Unnamed: 0,PassengerId,Survived,Pclass,Sex,Age,SibSp,Parch,Fare
count,891.0,891.0,891.0,891.0,891.0,891.0,891.0,891.0
mean,446.0,0.383838,2.308642,0.352413,29.699118,0.523008,0.381594,32.204208
std,257.353842,0.486592,0.836071,0.47799,13.002015,1.102743,0.806057,49.693429
min,1.0,0.0,1.0,0.0,0.42,0.0,0.0,0.0
25%,223.5,0.0,2.0,0.0,22.0,0.0,0.0,7.9104
50%,446.0,0.0,3.0,0.0,29.699118,0.0,0.0,14.4542
75%,668.5,1.0,3.0,1.0,35.0,1.0,0.0,31.0
max,891.0,1.0,3.0,1.0,80.0,8.0,6.0,512.3292


In [11]:
# Create a first class column
first_class = lambda Pclass: 1 if Pclass == 1 else 0
passengers['FirstClass'] = passengers['Pclass'].apply(first_class)
passengers.columns

Index(['PassengerId', 'Survived', 'Pclass', 'Name', 'Sex', 'Age', 'SibSp',
       'Parch', 'Ticket', 'Fare', 'Cabin', 'Embarked', 'FirstClass'],
      dtype='object')

In [12]:
# Create a second class column
second_class = lambda Pclass: 1 if Pclass == 2 else 0
passengers['SecondClass'] = passengers['Pclass'].apply(second_class)

# Select and split the data

In [13]:
features = passengers[['Sex', 'Age', 'FirstClass', 'SecondClass']]
survival = passengers['Survived']

In [14]:
X_train, X_test, y_train, y_test = train_test_split(features, survival, test_size=0.2)

## Normalising the data

In [15]:
# Scale the feature data so it has mean = 0 and standard deviation = 1
scaler = StandardScaler()
training_features = scaler.fit_transform(X_train)
test_features = scaler.fit_transform(X_test)

In [16]:
# Fitting the model will perform gradient descent
# the goal is to find the feature coefficients that minimize the log-loss for the training data.
model = LogisticRegression()
model.fit(training_features, y_train)

LogisticRegression(C=1.0, class_weight=None, dual=False, fit_intercept=True,
                   intercept_scaling=1, l1_ratio=None, max_iter=100,
                   multi_class='auto', n_jobs=None, penalty='l2',
                   random_state=None, solver='lbfgs', tol=0.0001, verbose=0,
                   warm_start=False)

# Score the model

In [18]:
# scoring on the training data

model.score(training_features, y_train)

0.7865168539325843

In [19]:
# scoring on the test data

model.score(test_features, y_test)

0.8324022346368715

So currently, the test score is better than the training score with ~83% vs 79%.

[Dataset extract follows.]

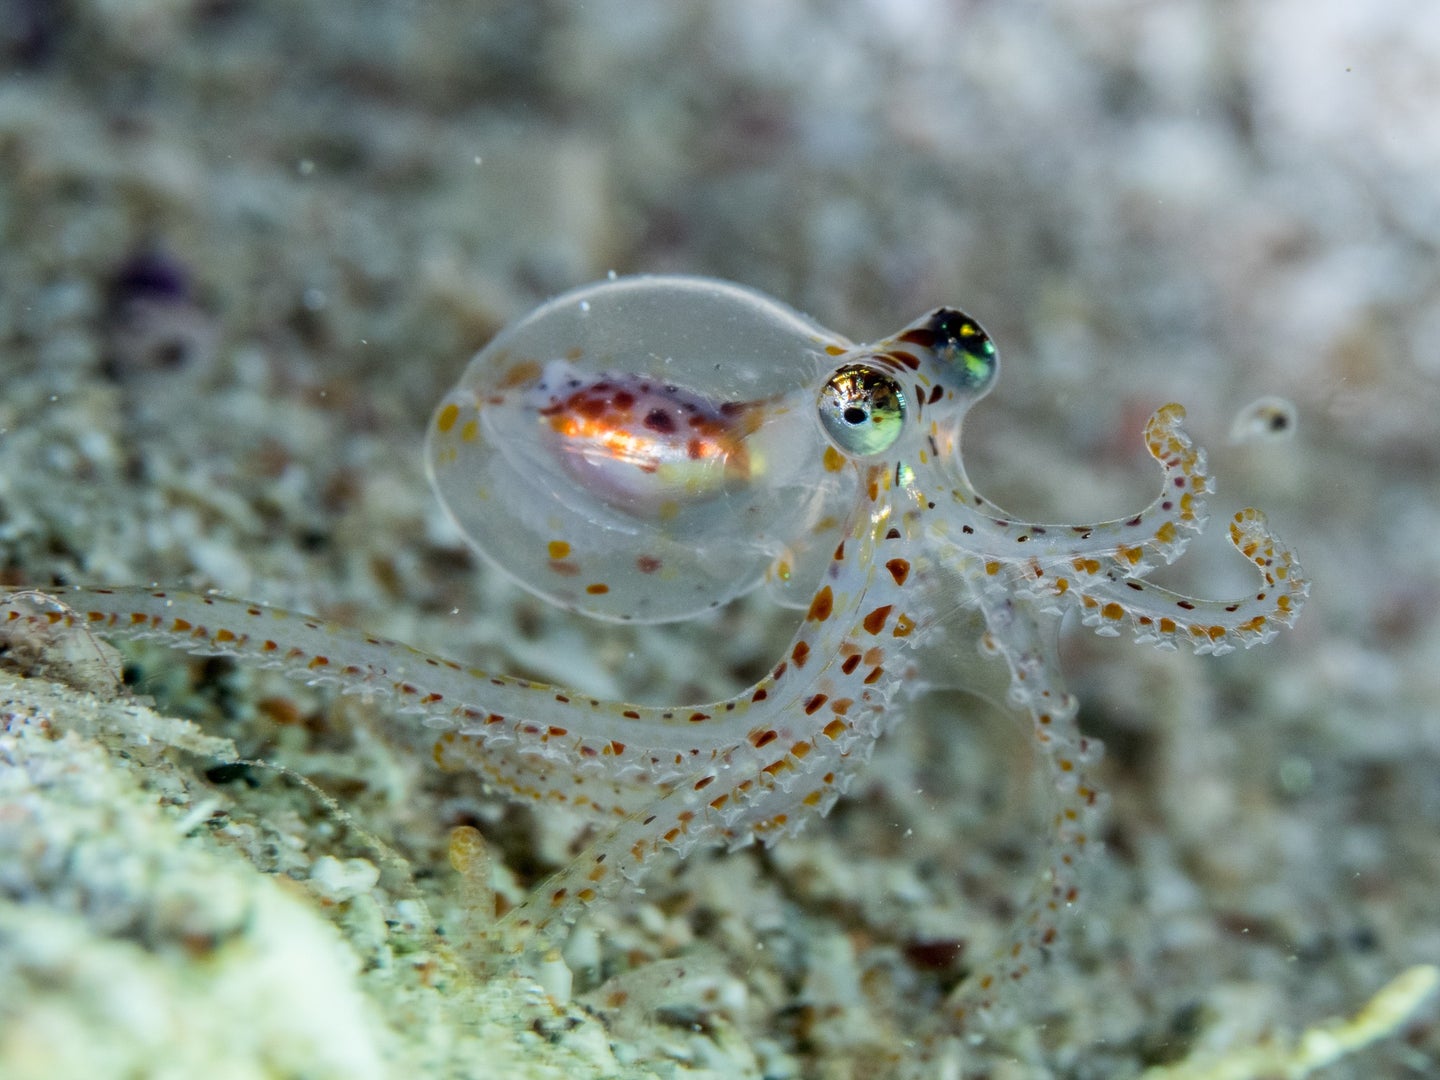 Tiny octopus with clear head that shows off brain

The model has not overfit the training data which is great.

## Feature importance

In [20]:
print(model.coef_)

[[ 1.14029938 -0.43495738  0.93932279  0.47332605]]


In [22]:
features.columns

Index(['Sex', 'Age', 'FirstClass', 'SecondClass'], dtype='object')

So, the first feature - `Sex` - is the most important, and the second most important feature is `FirstClass`.